- [Action item]: In the material below, the line holding "Nike - Baskets" and every line after it should be reproduced exactly, please, with pictures omitted.

- [Input data]:
==================================================

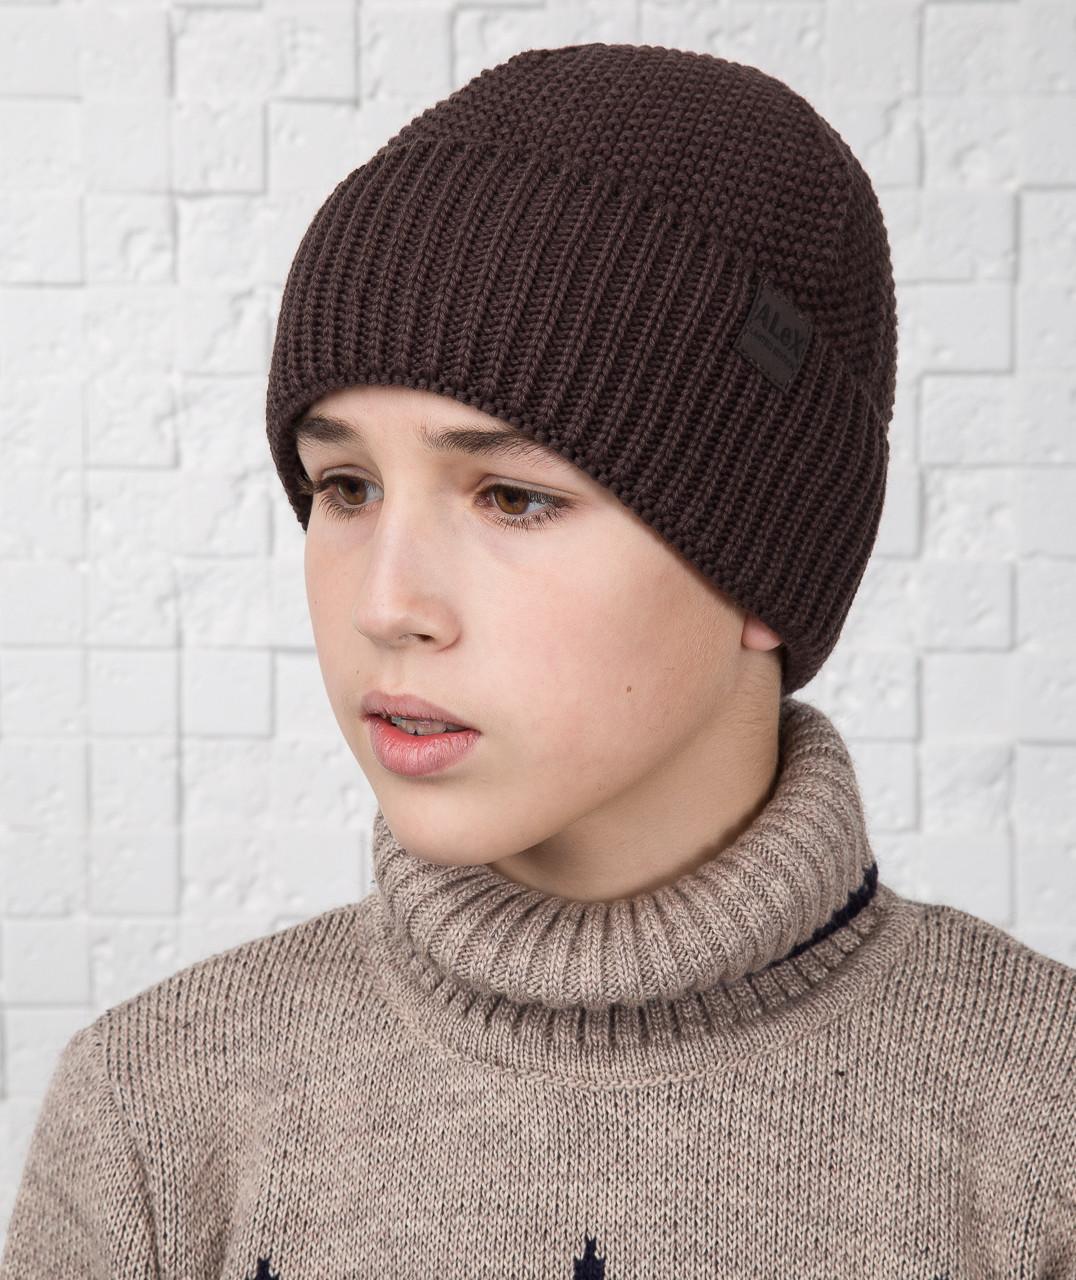 Вязаная шапка для мальчика подростка на флисе - Артикул AL17036
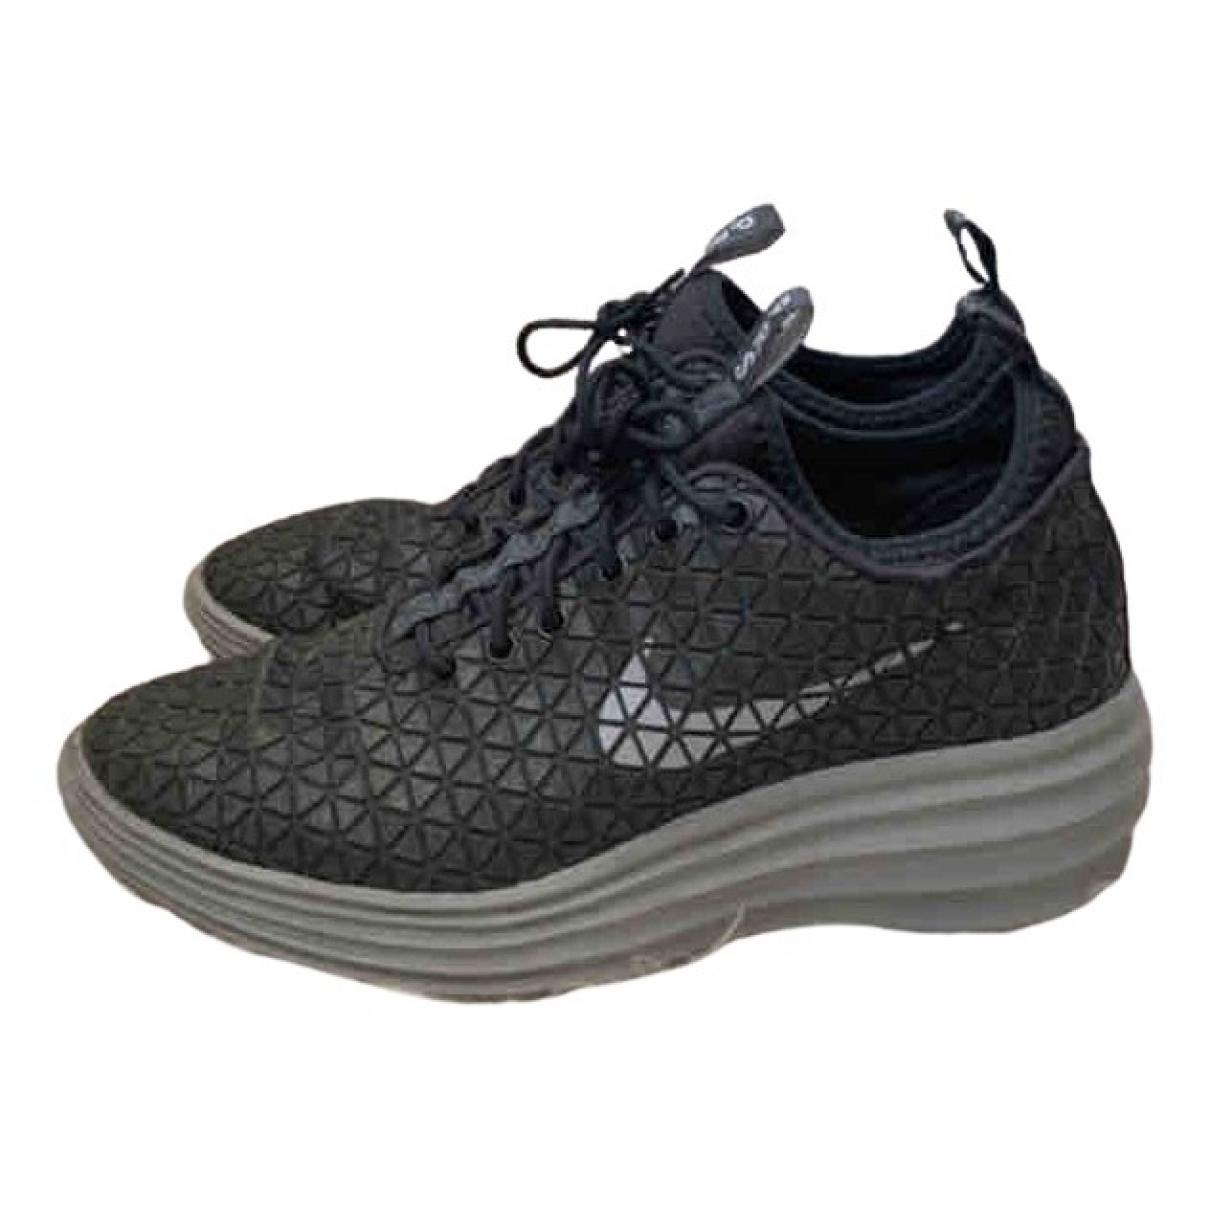 Nike - Baskets   pour femme en caoutchouc - anthracite
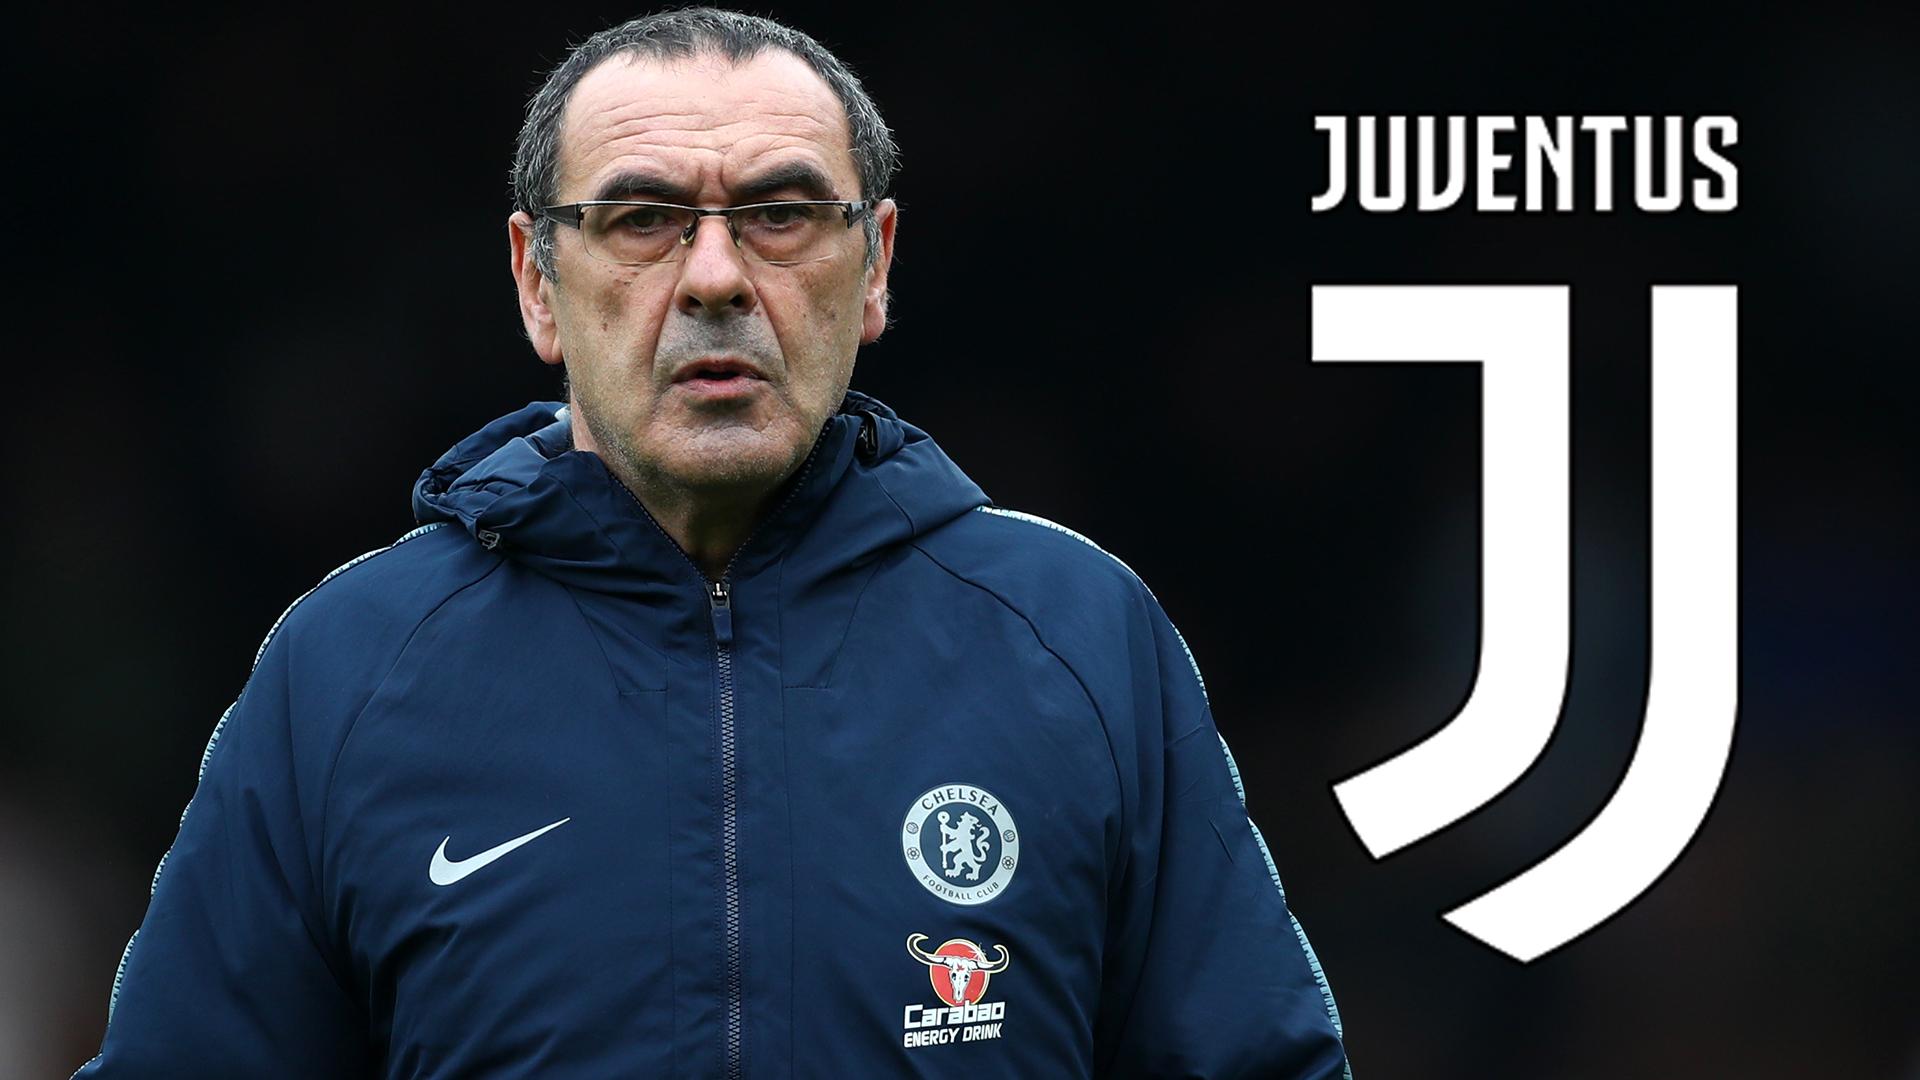 Juventus'un yeni teknik direktörü Maurizio Sarri

==================================================

- [Task output]:
 Nike - Baskets   pour femme en caoutchouc - anthracite
 Juventus'un yeni teknik direktörü Maurizio Sarri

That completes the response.